Pipeline for training LSA models using Scikit-Learn.

Overview

tests linter codecov

python 3.6 release (latest by date) license

pre-commit code style: black

pypi version pypi downloads

Latent Semantic Analysis

Pipeline for training LSA models using Scikit-Learn.

Usage

Instead of writing custom code for latent semantic analysis, you just need:

  1. install pipeline:
pip install latent-semantic-analysis
  1. run pipeline:
  • either in terminal:
lsa-train --path_to_config config.yaml
  • or in python:
import latent_semantic_analysis

latent_semantic_analysis.train(path_to_config="config.yaml")

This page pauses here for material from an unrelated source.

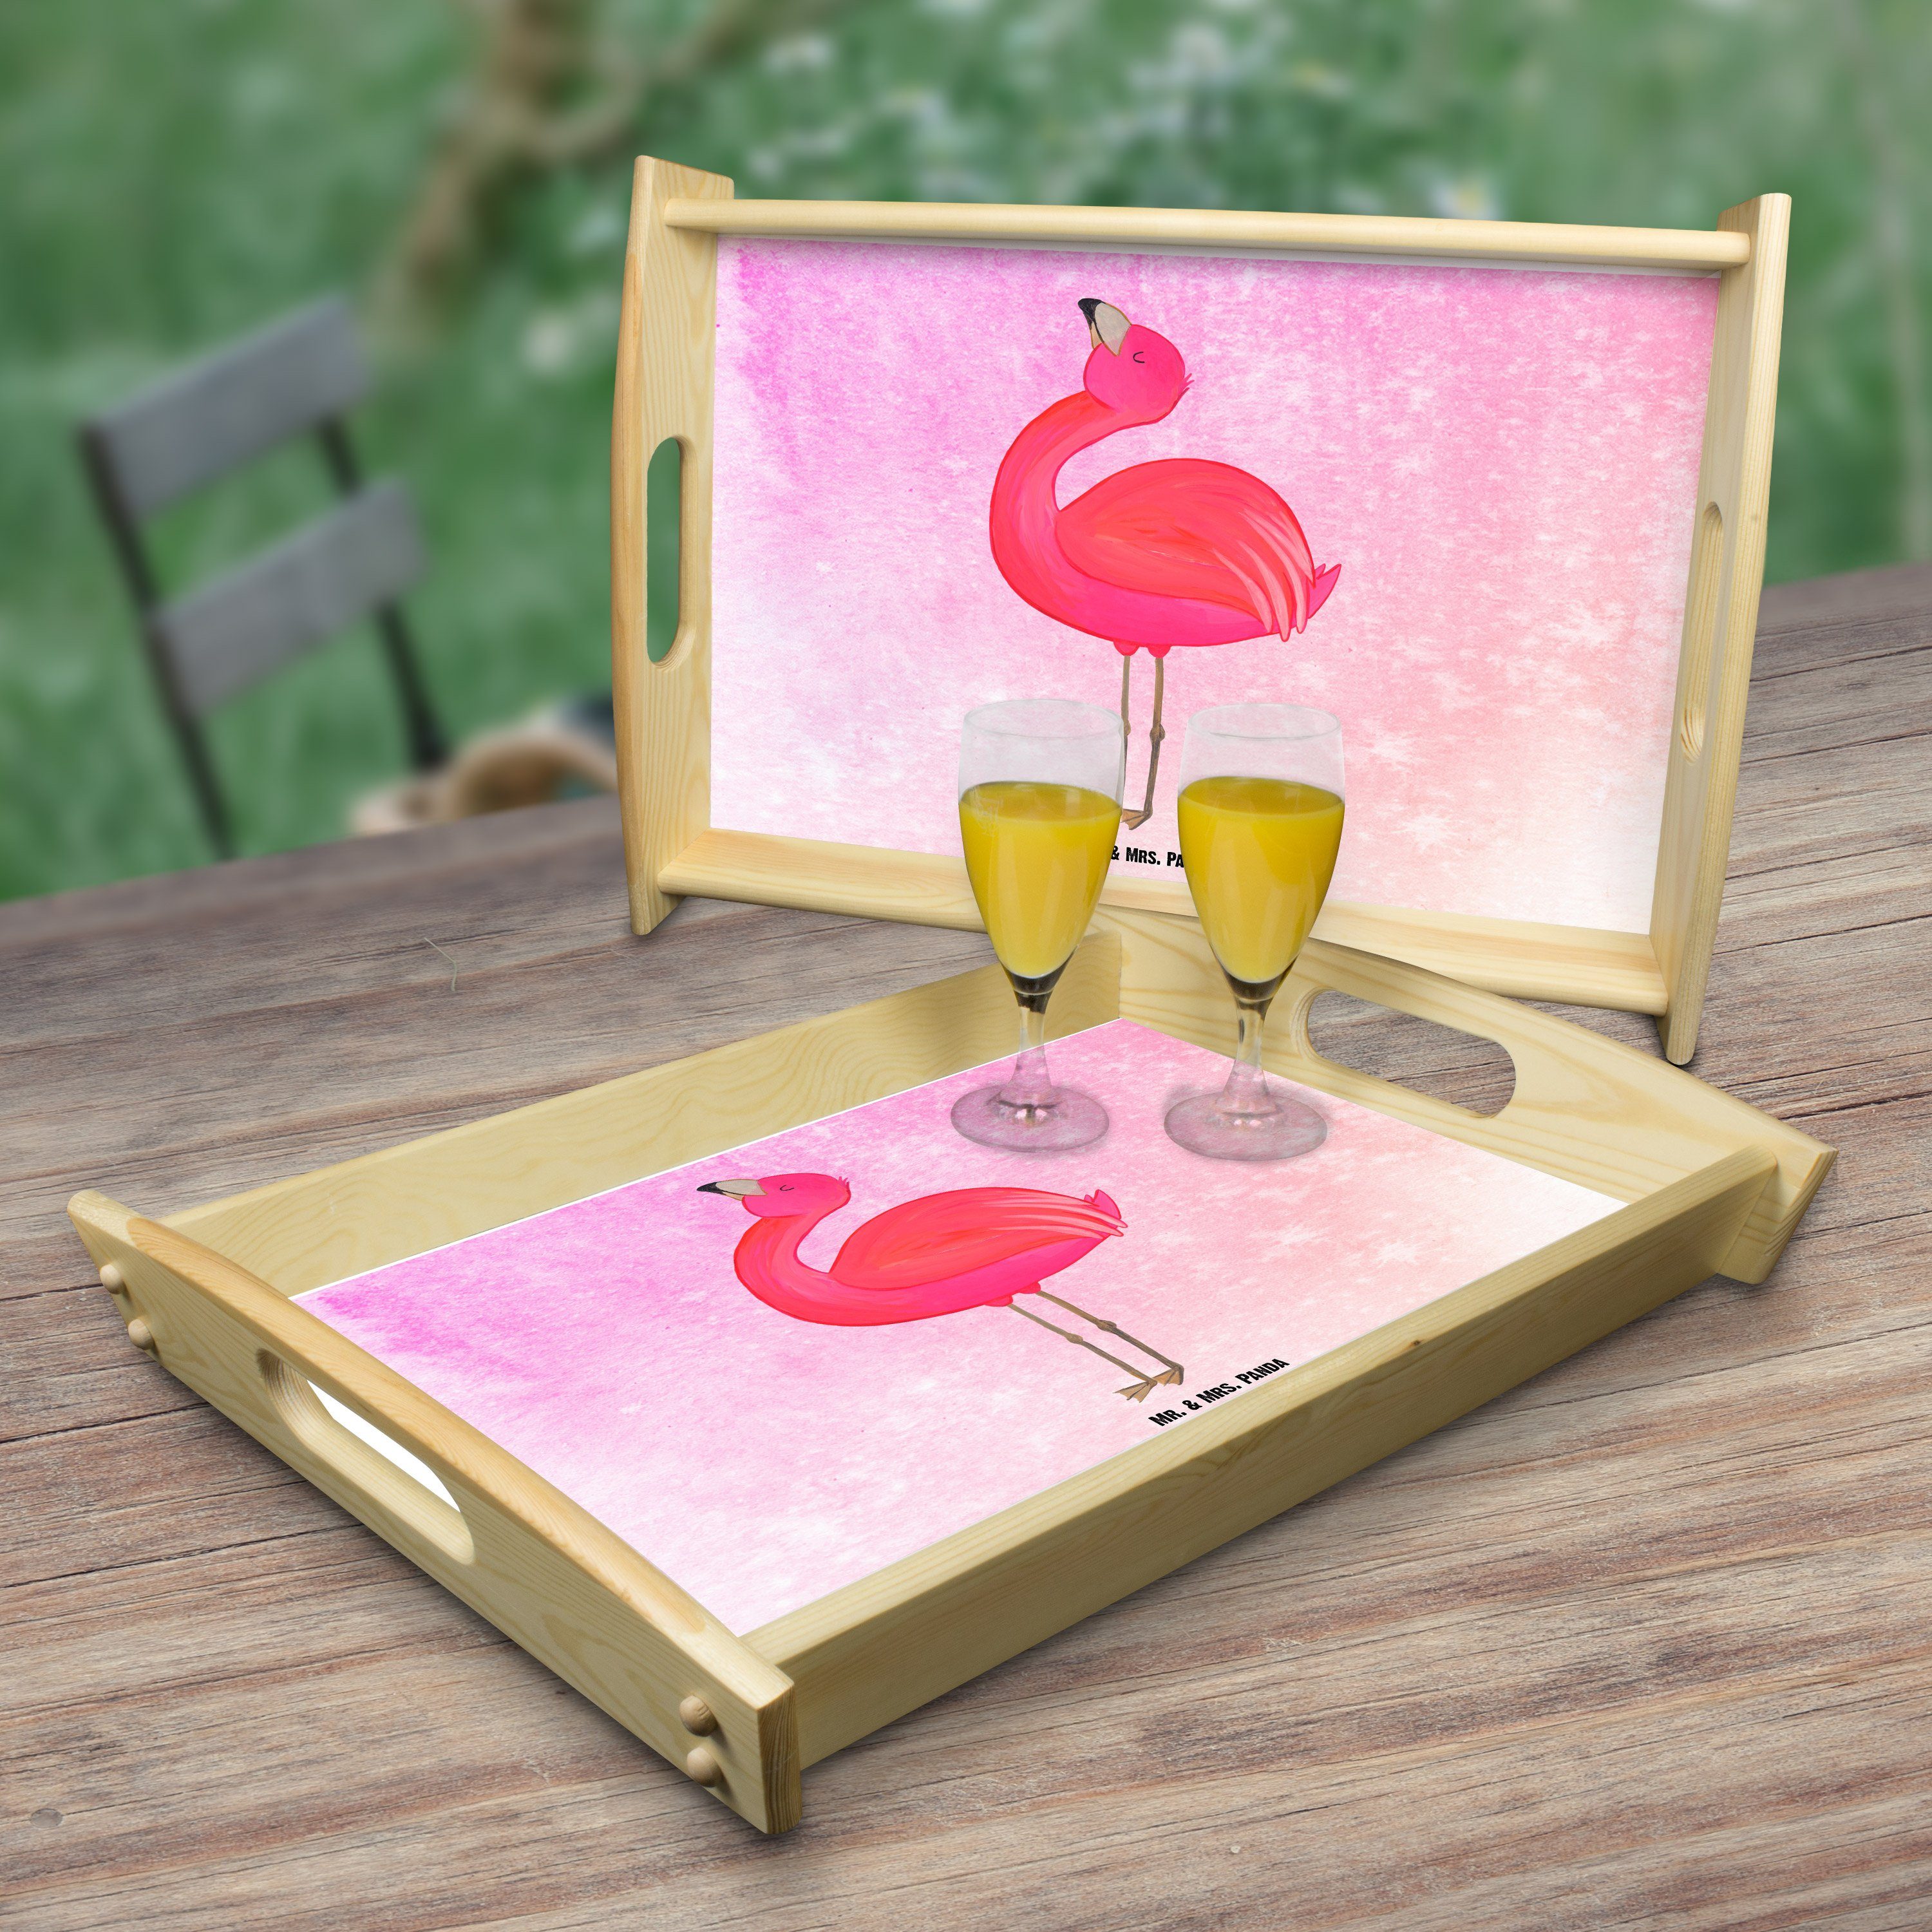 Mr. & Mrs. Panda Tablett Echtholz Geschenk, glücklich, - stolz lasiert, (1-tlg) Pink - Flamingo Küchentablett, Aquarell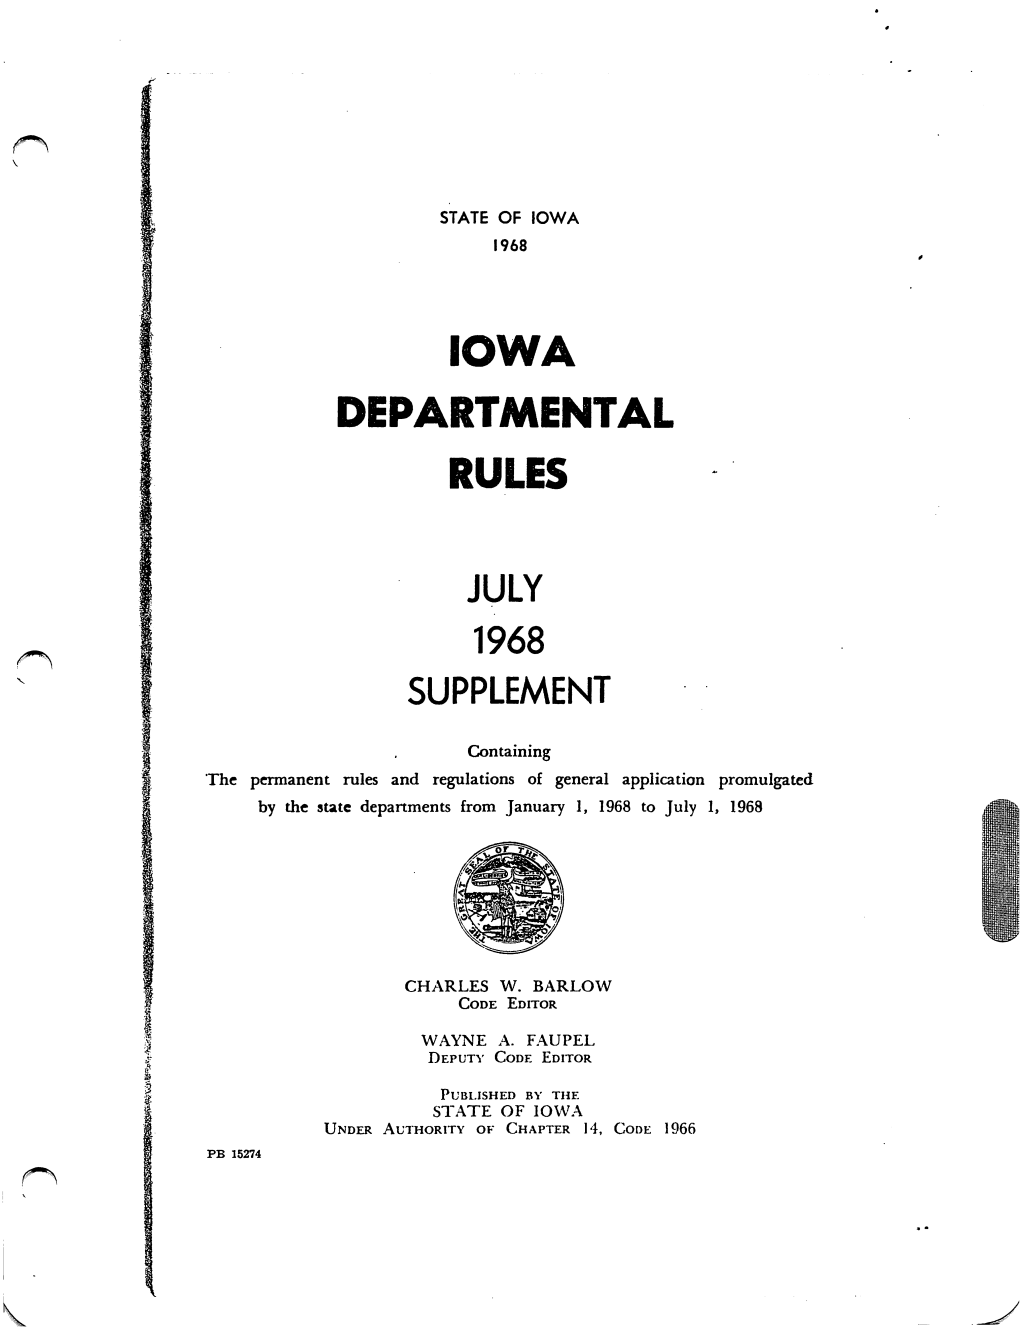 1968 Iowa Departmental Rules

NOTE: more about config file here.

No data preparation is needed, only a csv file with raw text column (with arbitrary name).

Config

The user interface consists of only one files:

  • config.yaml - general configuration with sklearn TF-IDF and SVD parameters

Change config.yaml to create the desired configuration and train LSA model with the following command:

  • terminal:
lsa-train --path_to_config config.yaml
  • python:
import latent_semantic_analysis

latent_semantic_analysis.train(path_to_config="config.yaml")

Default config.yaml:

seed: 42
path_to_save_folder: models

# data
data:
  data_path: data/data.csv
  sep: ','
  text_column: text

# tf-idf
tf-idf:
  lowercase: true
  ngram_range: (1, 1)
  max_df: 1.0
  min_df: 1

# svd
svd:
  n_components: 10
  algorithm: arpack

NOTE: tf-idf and svd are sklearn TfidfVectorizer and TruncatedSVD parameters correspondingly, so you can parameterize instances of these classes however you want.

Output

After training the model, the pipeline will return the following files:

  • model.joblib - sklearn pipeline with LSA (TF-IDF and SVD steps)
  • config.yaml - config that was used to train the model
  • logging.txt - logging file
  • doc2topic.json - document embeddings
  • term2topic.json - term embeddings

Requirements

Python >= 3.6

Citation

If you use latent-semantic-analysis in a scientific publication, we would appreciate references to the following BibTex entry:

@misc{dayyass2021lsa,
    author       = {El-Ayyass, Dani},
    title        = {Pipeline for training LSA models},
    howpublished = {\url{https://github.com/dayyass/latent-semantic-analysis}},
    year         = {2021}
}
You might also like...
This repository contains all the source code that is needed for the project : An Efficient Pipeline For Bloom’s Taxonomy Using Natural Language Processing and Deep Learning
This repository contains all the source code that is needed for the project : An Efficient Pipeline For Bloom’s Taxonomy Using Natural Language Processing and Deep Learning

Pipeline For NLP with Bloom's Taxonomy Using Improved Question Classification and Question Generation using Deep Learning This repository contains all

Universal End2End Training Platform, including pre-training, classification tasks, machine translation, and etc.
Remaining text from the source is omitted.